Es el tiempo de recargar baterías. De eso se trata, de hacer espacio para la reflexión y en la introspección encontrar respuestas a las cuitas personales y complejidades del cargo. Aparcado el mundanal ruido, en el silencio interior se cuece el alimento cuyos nutrientes son indispensables para acometer con éxito el reto que siempre tenemos enfrente. Nada más humano que el descanso, y en ese interregno, encontrarse con la otra dimensión de la libertad.

Quizás la cotidianidad misma nos ha acostumbrado a la libertad como un concepto político. En el apartado de los derechos, la circunscribimos al ejercicio de la ciudadanía y beneficios derivados de vivir en democracia, delegar el poder del colectivo y expresar sin cortapisas verdades y aspiraciones, críticas e inconformidades. Este domingo, habrá traspaso de mando en nuestro país, derivación de la libertad con que decidimos quiénes nos gobernarían. En El instituto para la sincronización de los relojes, del novelista turco Ahmet Hamdi Tanpinar, he encontrado una de las reflexiones más acabadas sobre la trascendencia de otra libertad, la que descubrimos y recreamos nosotros mismos y que encuentra la aproximación más cercana en las vacaciones.

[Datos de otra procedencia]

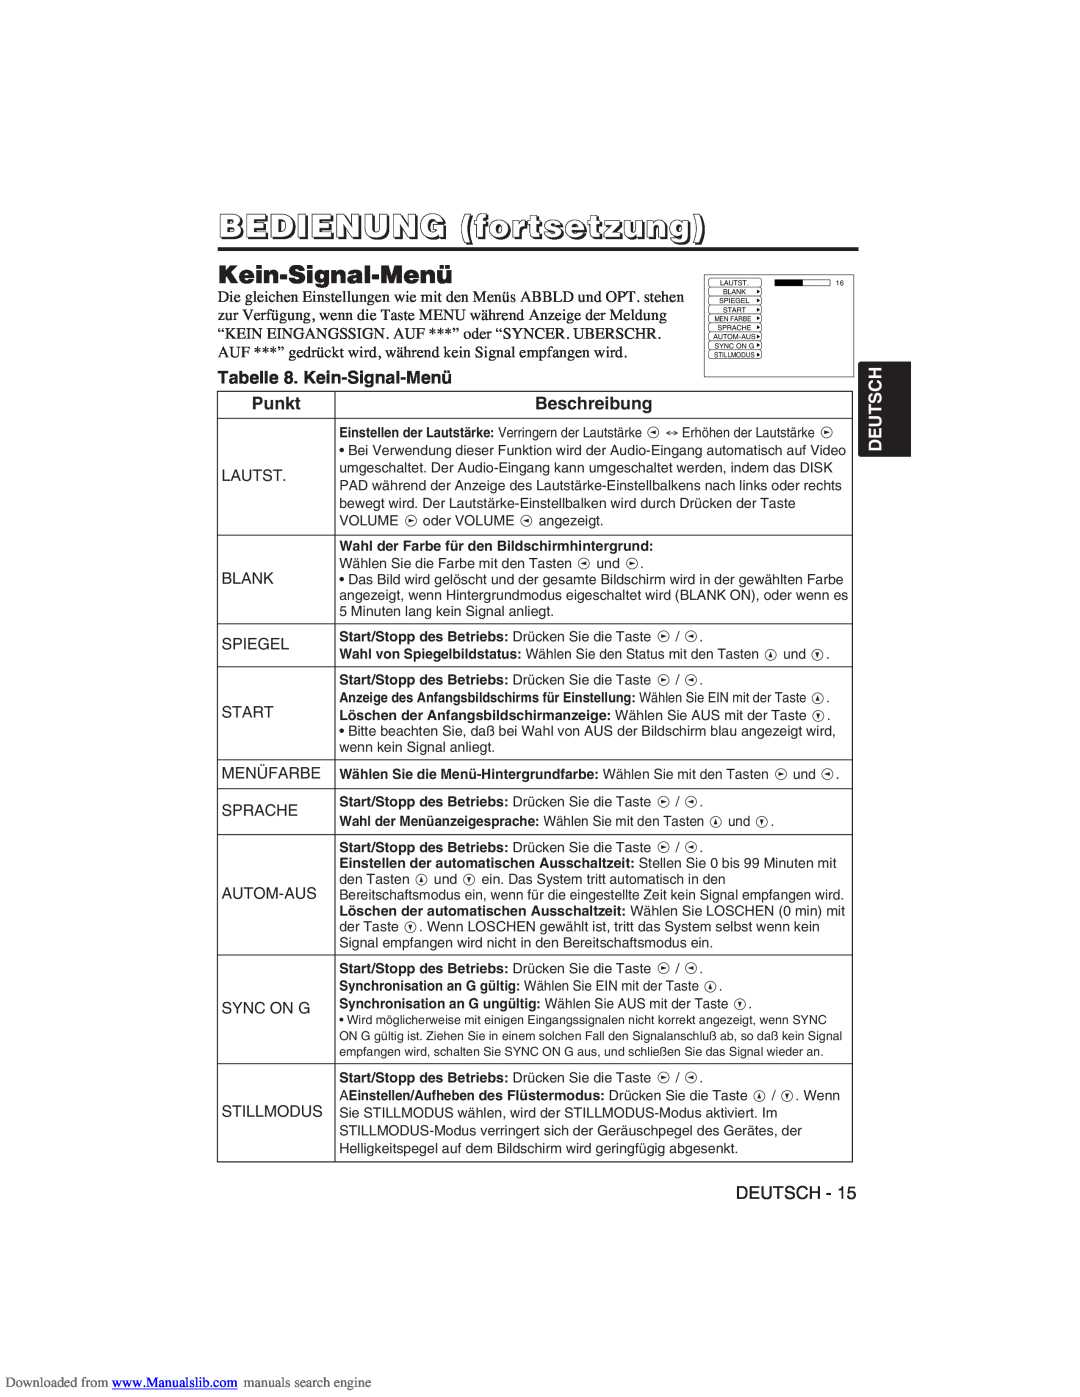 Hitachi CP-X275W user manual Tabelle 8. Kein-Signal-Menü, BEDIENUNG fortsetzung, Punkt, Beschreibung, Deutsch 
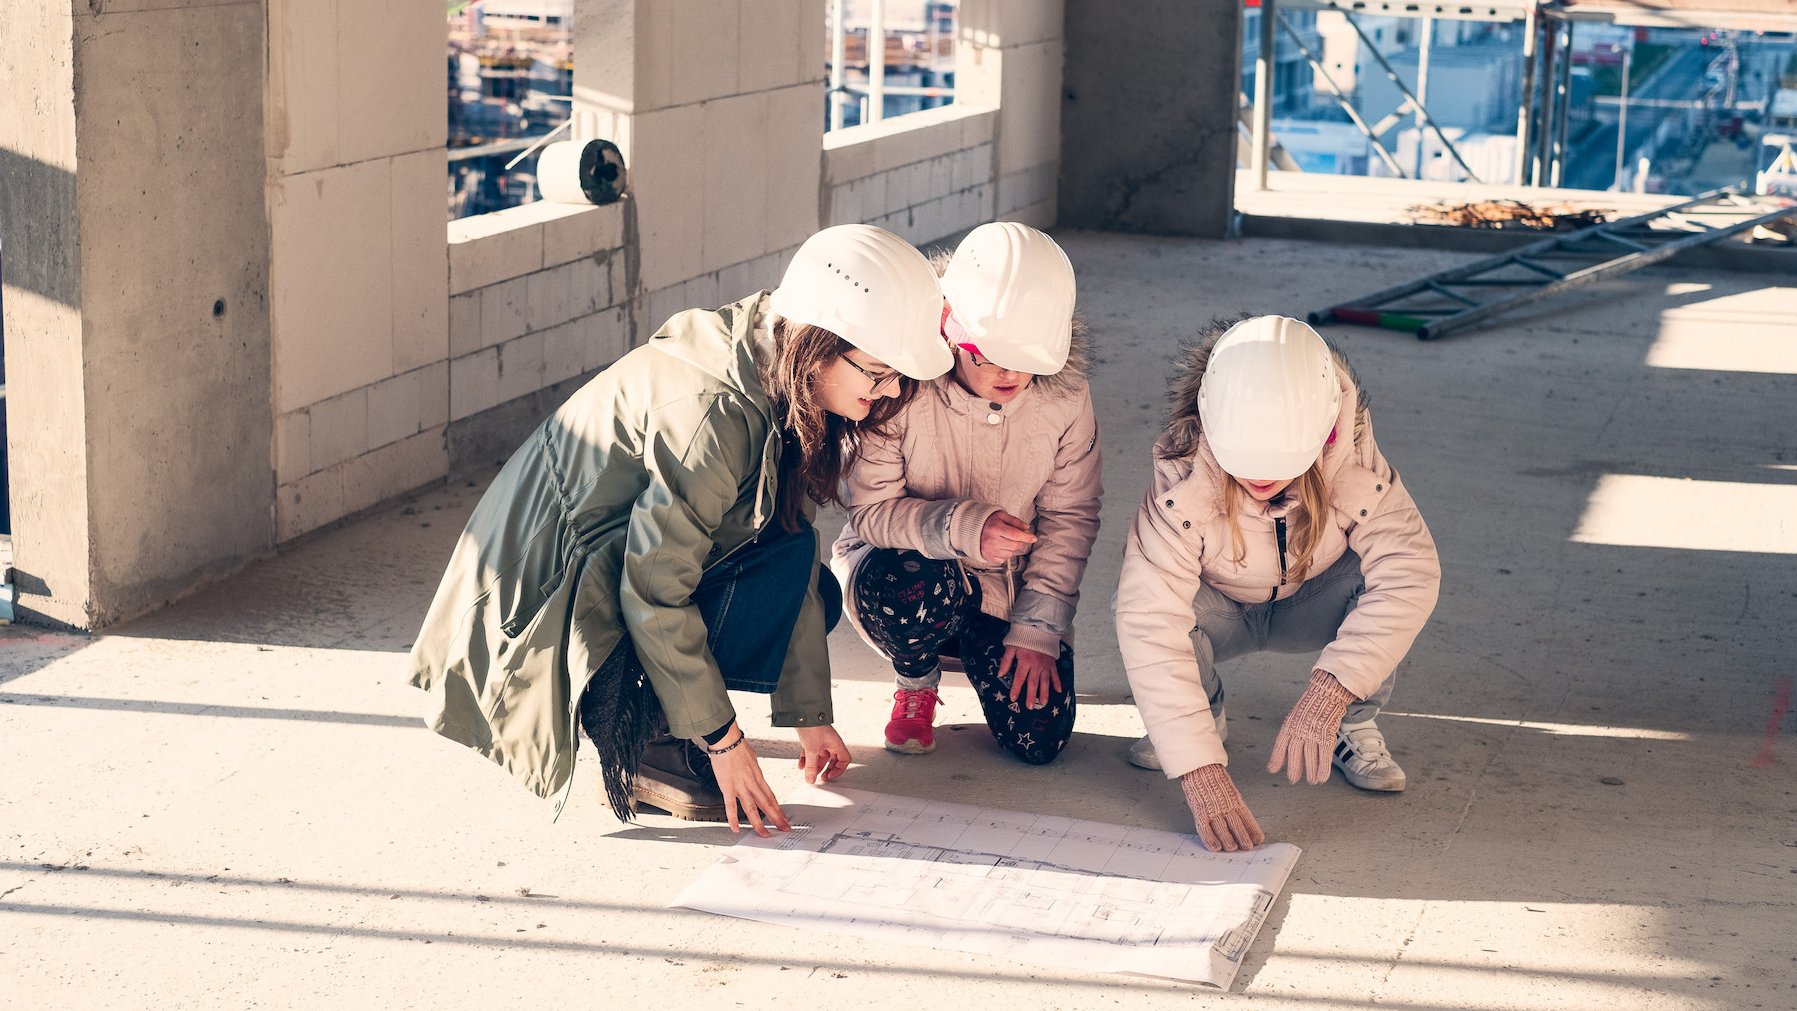 3 junge Frauen knien auf einem Bauplan. Sie befinden sich auf einer Baustelle und tragen weiße Bauhelme.

La libertad que Tanpinar y muchos conocieron cuando niños pertenece a un intangible imposible de encasillar, mas sobrepasa en valor y relevancia esa conquista política que, tal como expresa, se gana y se pierde con facilidad sorprendente porque es inextricable de su antítesis. “...no fue algo que me fue concedido. Fue algo que descubrí por mí mismo un día, una pepita de oro escondida en mis profundidades más recónditas: el gorjeo de un ave en un árbol, la luz del sol jugando en el agua. No hubo vuelta atrás; desde el momento que la descubrí, todo cambió: mi humilde existencia, nuestro humilde hogar, incluso el mundo en que vivíamos. En algún tiempo lo perdería todo. Sin embargo, le debo las cosas más preciadas en mi vida a esa libertad. Ella ha llenado mis días con milagros que ni las miserias de mis años tempranos ni el confort de hoy han podido arrancarme. Me ha enseñado a vivir sin posesiones y sin que me importe el mundo”.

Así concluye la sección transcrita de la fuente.